Хочется крикнуть яростью, и, ухватив за грудки, шипеть им в лицо, выкатив бельма глаз: “Почему??? Ну почему вы говорите только про деньги, живете только деньгами, и думаете только о деньгах ...и с женами вашими за чашкой утреннего кофе толкуете только о процентах, только о выгодах предстоящей продажи?”
Хочется таскать за волосы и плевать ядом проклятия в огрубелых ощетиневших мальчиков, глухо плетущихся в борозде, таща на себе своих провислых Ев, многодетно-мрачных, а то язвительно-нестельных.
Одно удерживает от обвала проклятий, одно смиряет зубовный скрежет: Память о проклятии изреченном: “В поте лица твоего вкусишь хлеб!” На этой памяти обмякаешь, как неловко сброшенный банный халат.
Значит это и есть?........
Значит это оно и есть?
Только пот лица?
Искупительная мука?
Несомая тягота?
Влекомый крест?
Жить только для хлеба... и говорить только о хлебе, и, наконец, есть свой хлеб, п;том урванный, доживая скорбно до очередного пота?
И значит ты обречен?........................
И если ты почему-то сидишь за безоблачным кофе и парой слишком доступных размышлений, то это означает, что кто-то другой принял пот лица твоего.
Сообразив всё это, ты уже не захочешь кричать яростью и плевать ядом проклятий в и без того пр;клятое лицо человека.


*     *     *


Летнее какое-то лицо.......
Румянец, которого, кажется, еще никто никогда не касался.
Ее зовут Диной.
Она уже десять лет замужем, а рот ее, похоже, не знал мужчины.
Вместе с нею в комнату вступает какое-то давнее пионерское лето или что-то, напоминающее утренний лесок, где не все еще червячки да букашки проснулись. Она говорит светло и по-московски. От нее дует ветерком навсегда покинутой родной земли.
Наш разговор перемежён паузами и тихим вниманием первого знакомства. Всегдашний первый разговор.
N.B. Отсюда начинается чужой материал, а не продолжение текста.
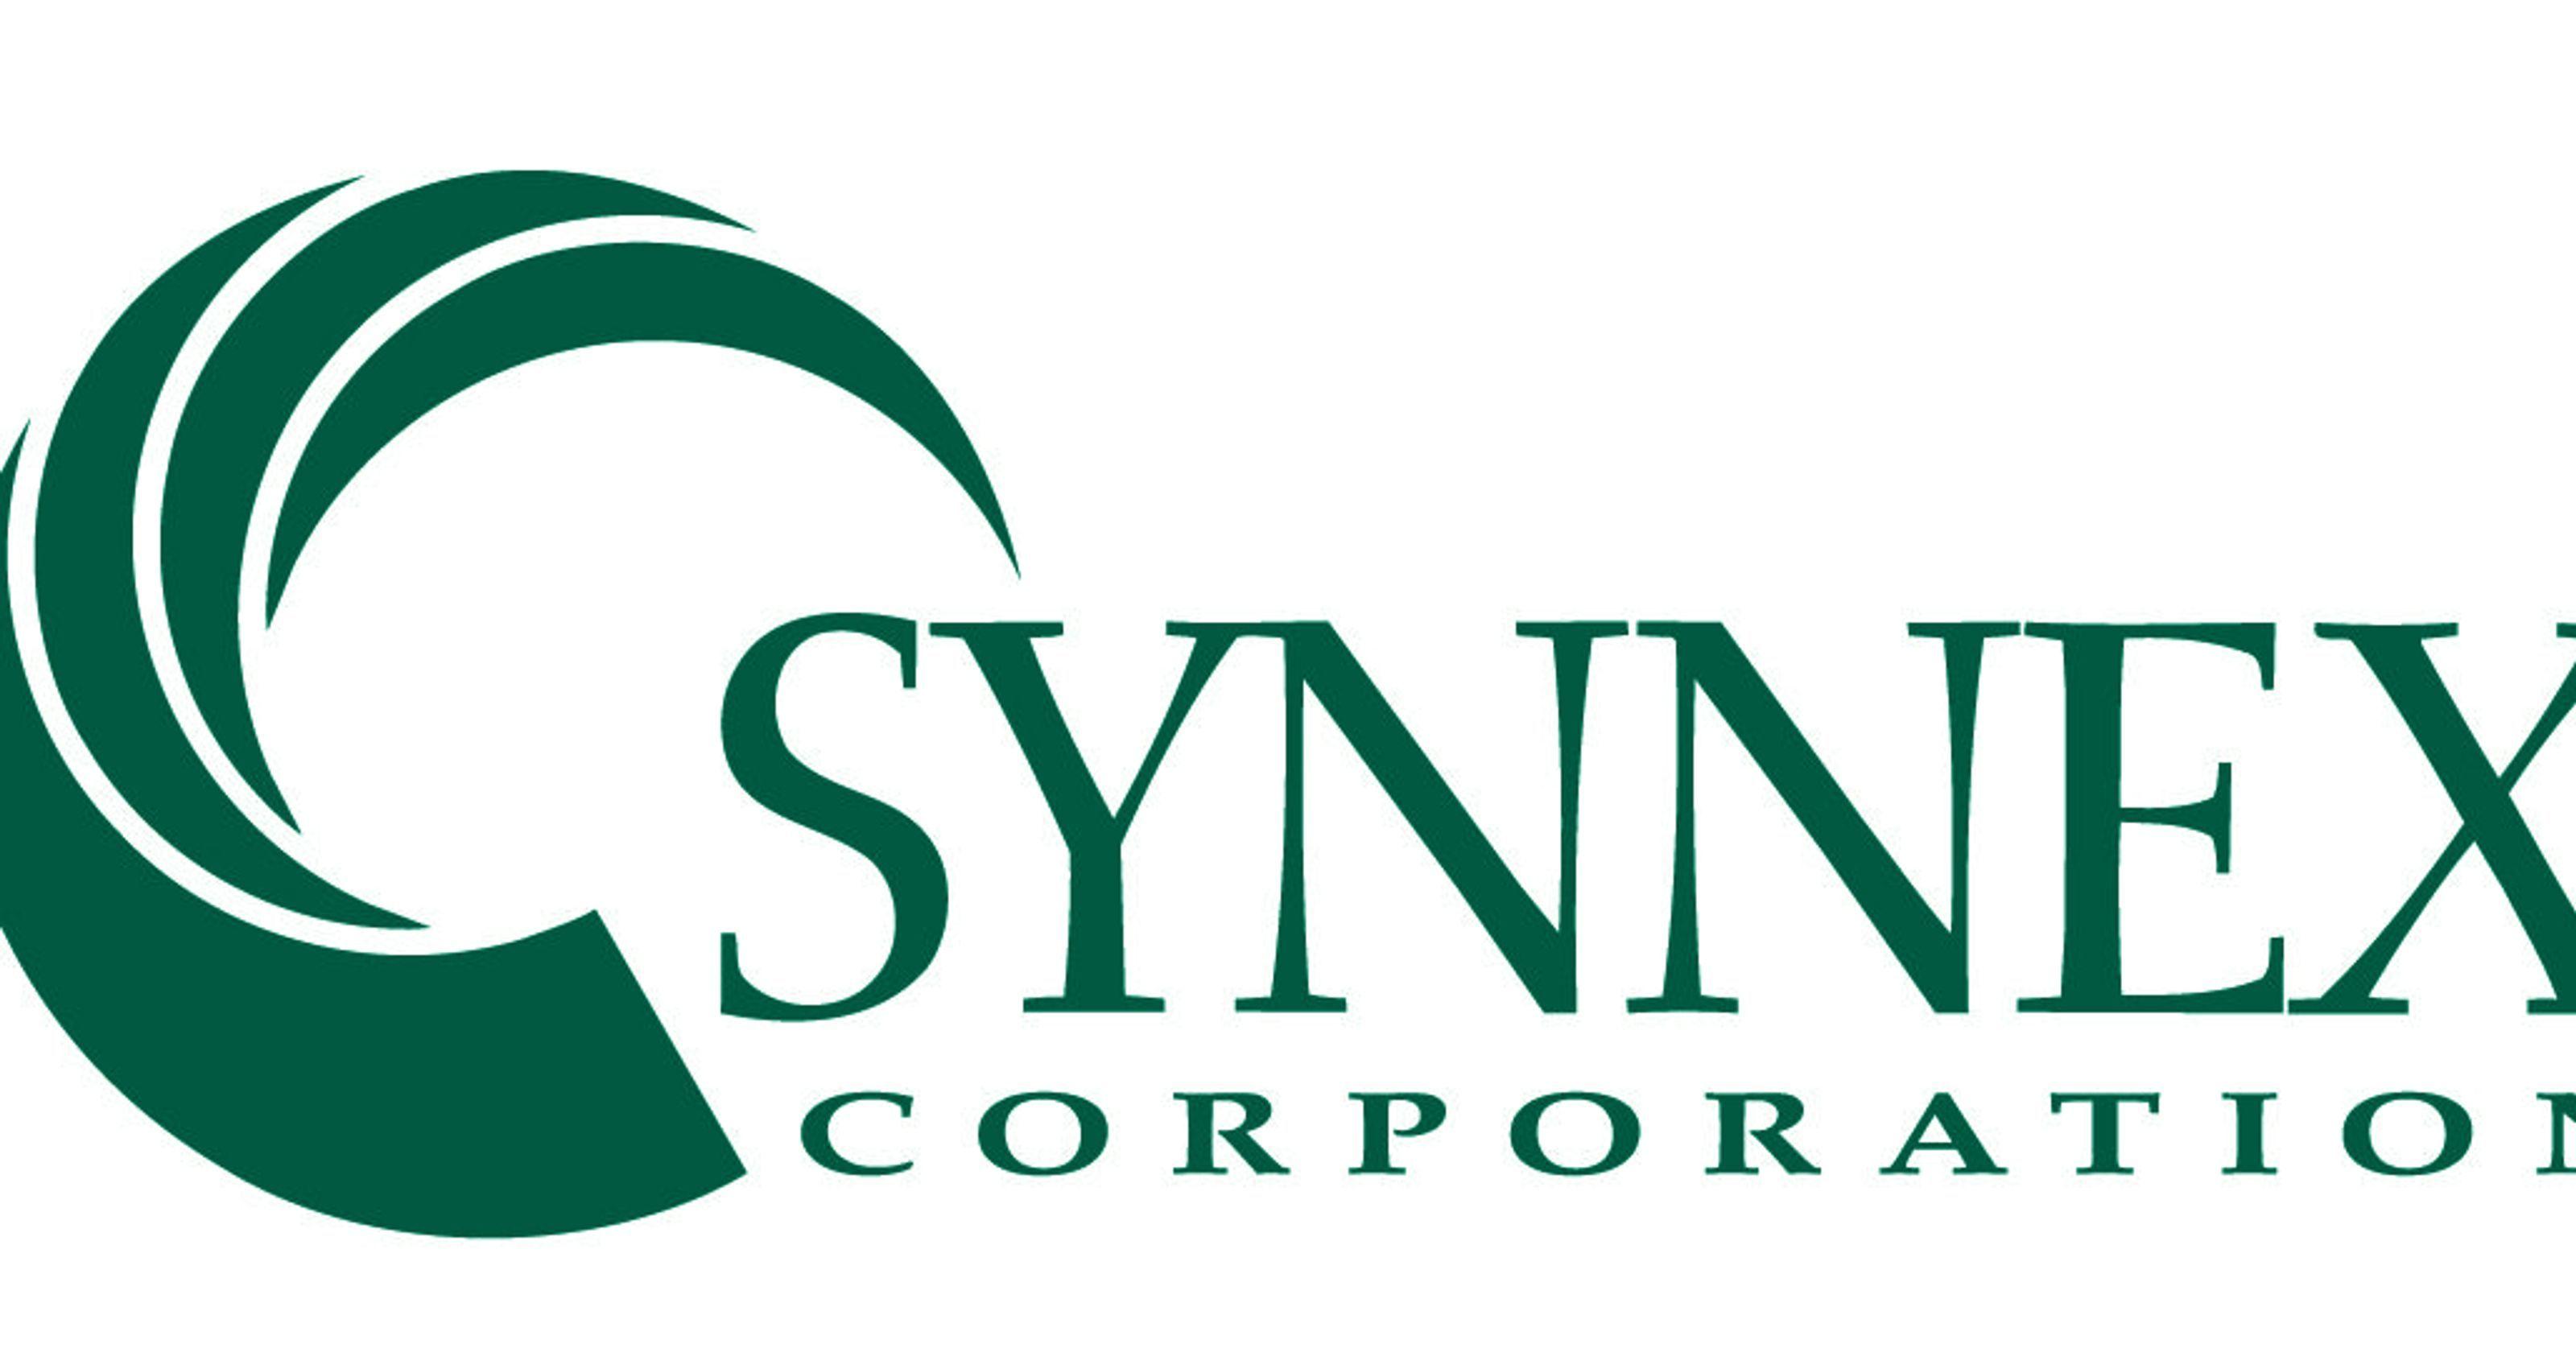 SYNNEX Corp Logo - SYNNEX plans to create 600 new jobs over next five years in expansion

Тот самый разговор, который сообщает нам всё, но мы почти ничего из этого не слышим. Сконфужены временем, замкнуты в непрозрачном для глаз настоящем. Одно лишь уясняется – Дина будет работать у моей жены помощницей. Она – конструктор по женской одежде. Так что будет работать.
С третьей встречи за нашим столом уже хочется верить... и даже то позорное мужское, что не дает нам ни секунды отвязанности....даже оно лишь слегка отемняет желание верить в настоящий интерес, который по-человечески выражают глаза Дины. Она совсем не тверда в шерстистых банальностях, которыми, как могильным дёрном, уже заложила дверь в иную жизнь. Она долго и внимательно слушает. Кажется, она слушает щеками. Они наливаются краской, смягчая нежностью кожи острые углы беседы. Так не вяжется ее младенческое лицо с пошлостями сгорбленной старости, которые – дым за дымом – выдыхает ее одеревеневшее тридцатилетие.
Сколько надежд... Господи! Сколько надежд!
Мы говорим долго.
Проходят вечера за столом, проходят недели. Да для чего ж им проходить, когда умному было бы всё ясно сразу!
Простая, как гвоздь, правда.
Маятник души маянной.
Однажды – малодушие, а потом пущено в рост.
Страх... неуверенность, потом соглашенность с внутренней ложью, а дальше уже только внешняя жизнь: тревога о каждом дне, неузнавание себя в кривых заркалах событий... жизнь мимо жизни... сухая корка трезвости в вечно жующем рту.
Да не надо же!
Не надо обманывать жизнь!
Посмеётся она над всеми нашими хитростями!
Только перед правдой отступит... только её, правду, не посмеет...........
Не надо отдавать свою молодость нелюбимому!
Не надо верить в “когда-нибудь распутанность”!
Нет права надеяться на распутанность, когда сама трусливо запутала!
Ах, Дина... Дина! И для чего вам вся эта жизнь? И отчего....? К чему вечная эта примерочка, прикладывающая к судьбе сантиметр рассудка? Ничего ж ведь не измерить портняжным этим орудием! Не ищите там оправданий, где их никогда не было! Ищите там, где вина ваша....идите навстречу вине!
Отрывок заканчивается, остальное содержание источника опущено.